=== PROBLEM TO SOLVE ===
The required answer is the data below, restated word for word with images omitted.

=== SUPPLIED MATERIAL ===
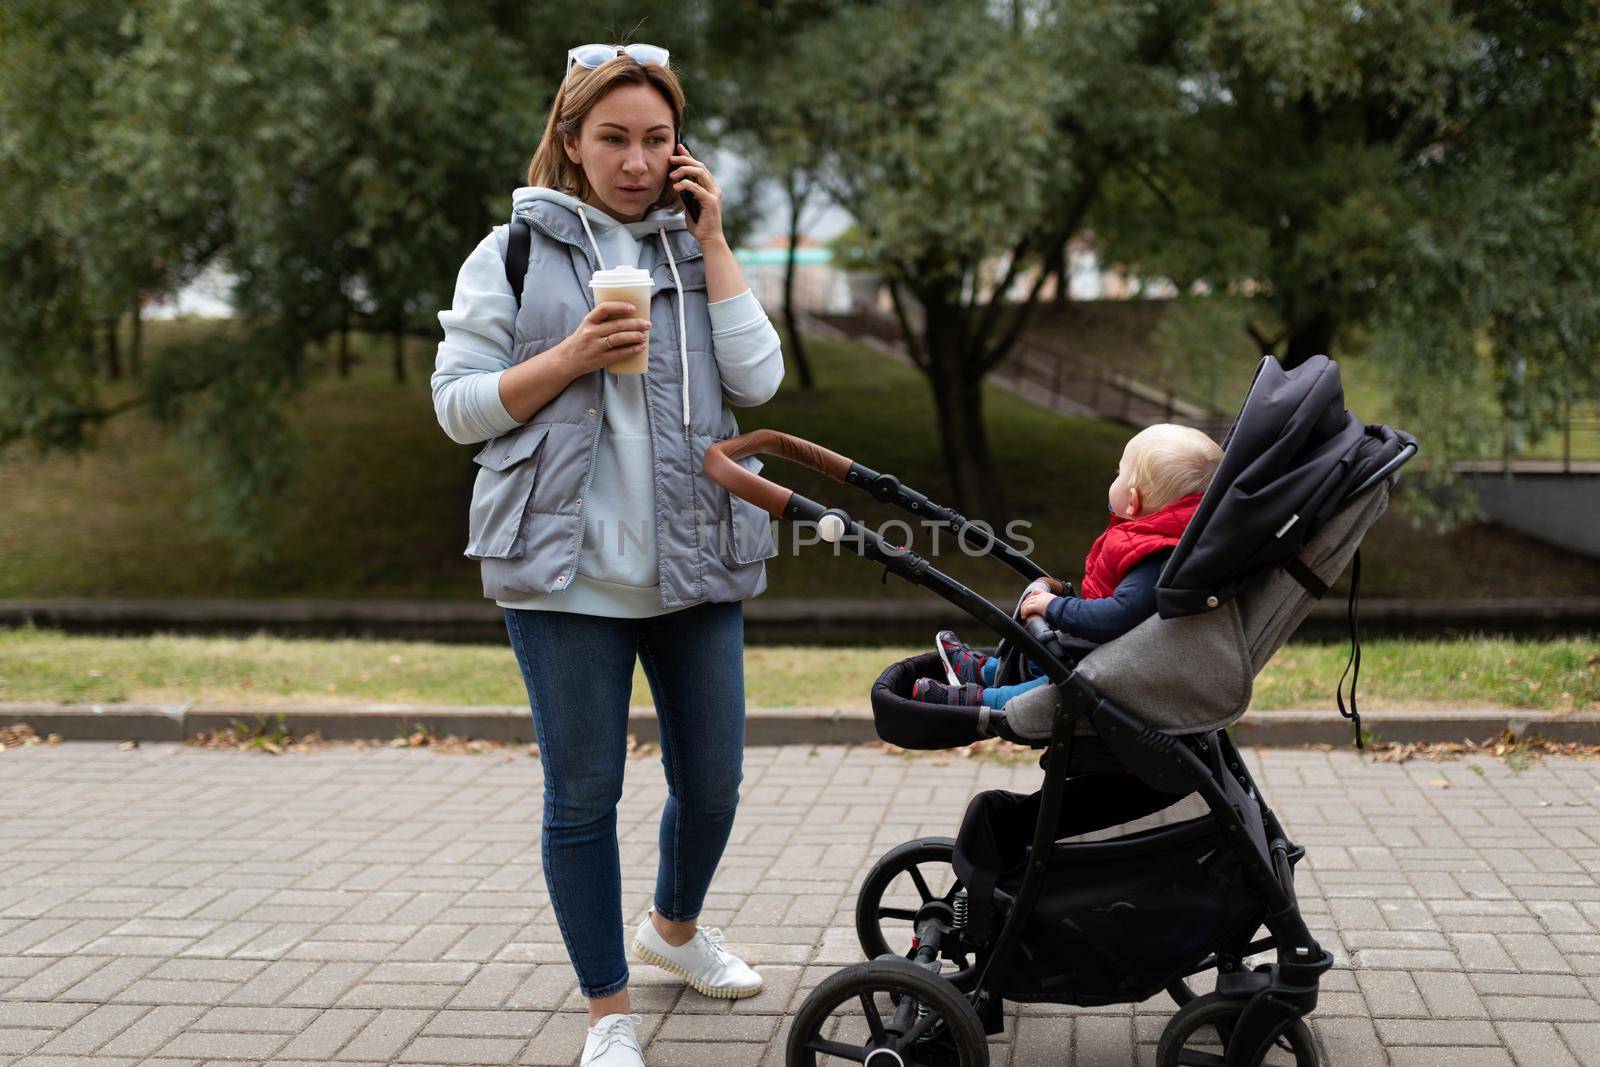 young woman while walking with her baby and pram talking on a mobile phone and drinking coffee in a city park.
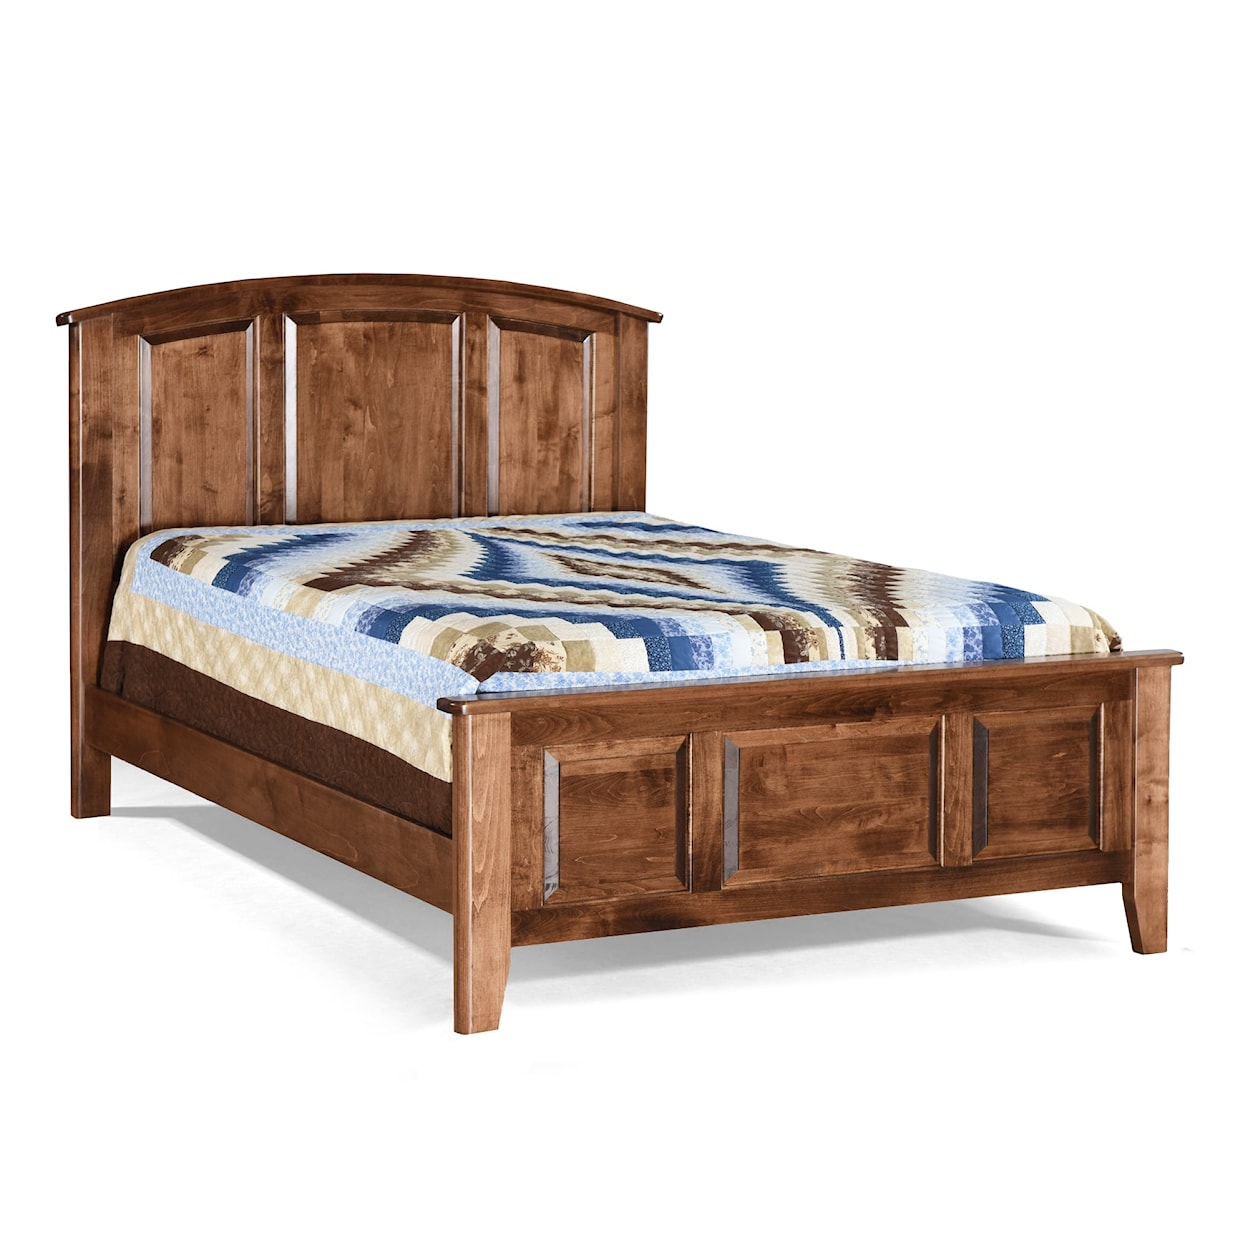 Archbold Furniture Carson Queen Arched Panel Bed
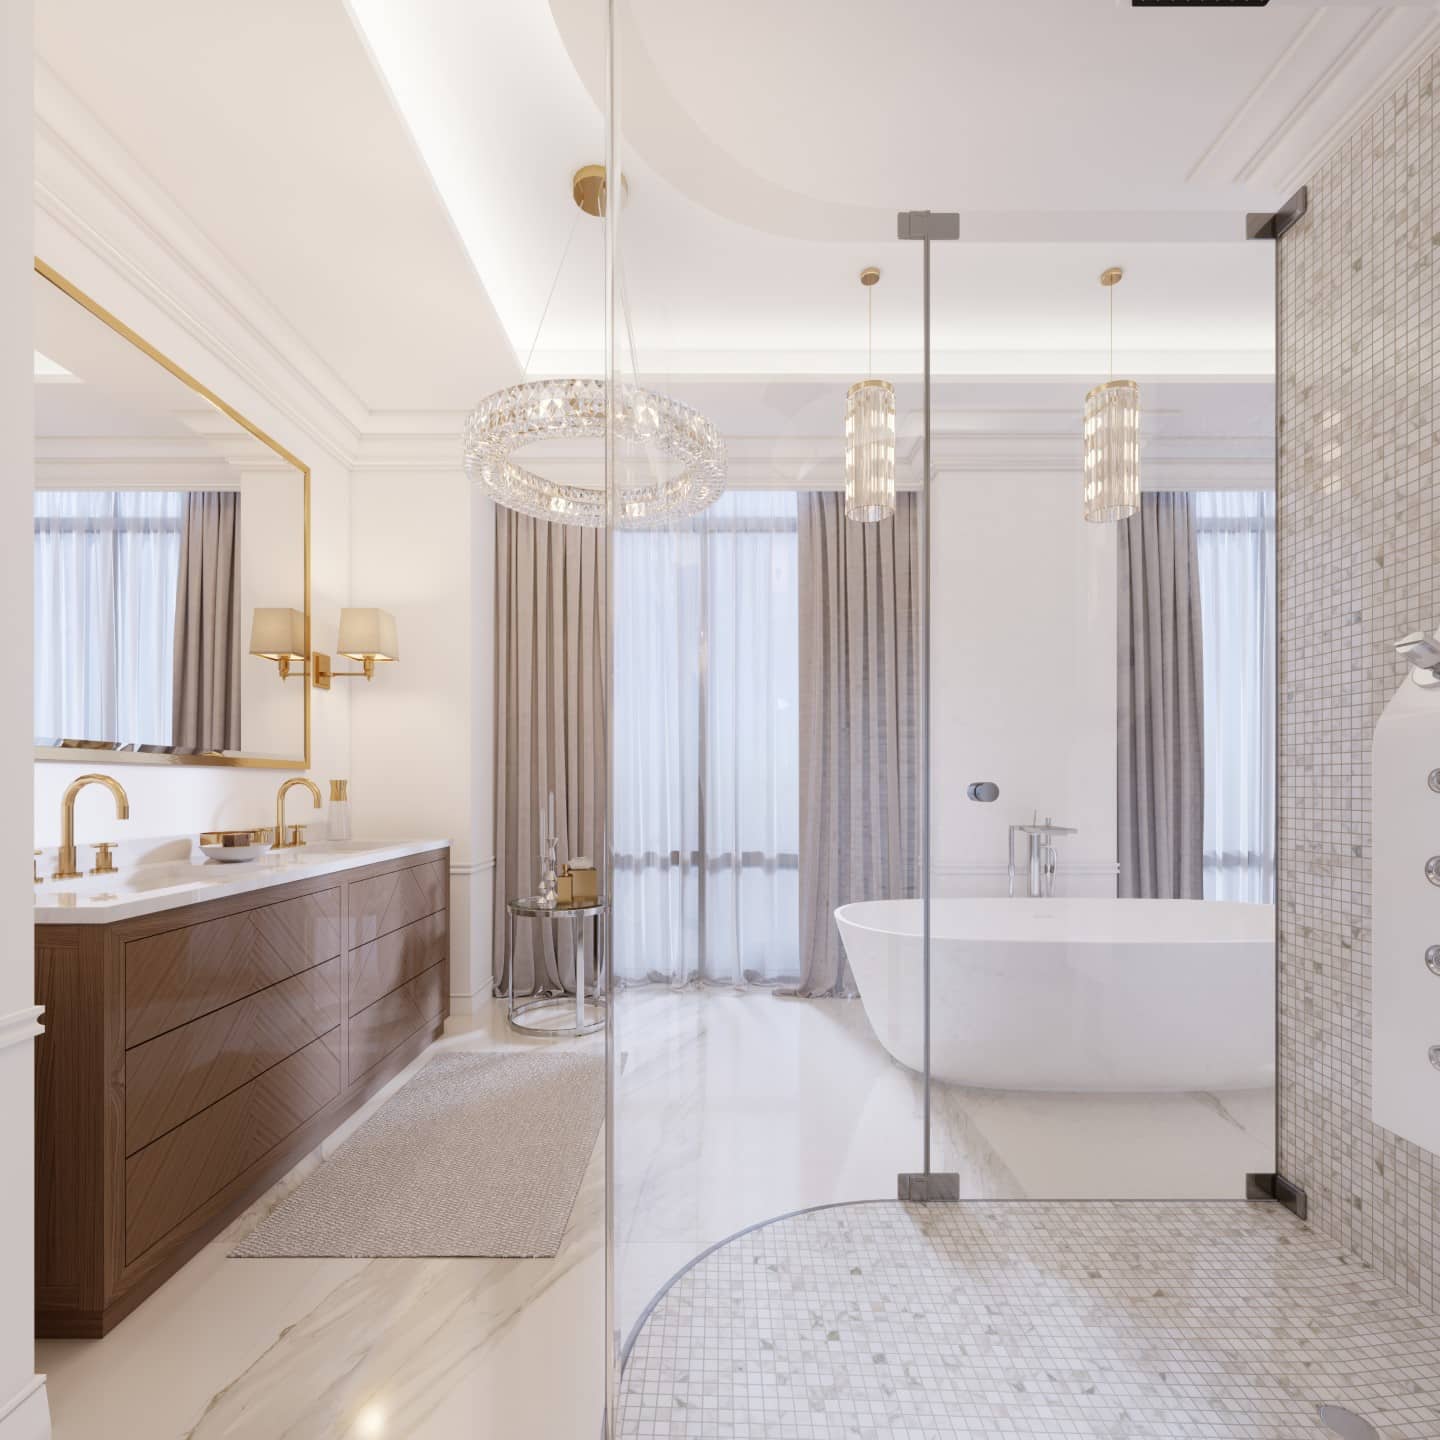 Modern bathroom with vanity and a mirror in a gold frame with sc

=== ANSWER TO THIS TASK ===
 young woman while walking with her baby and pram talking on a mobile phone and drinking coffee in a city park.
 Archbold Furniture Carson Queen Arched Panel Bed
 Modern bathroom with vanity and a mirror in a gold frame with sc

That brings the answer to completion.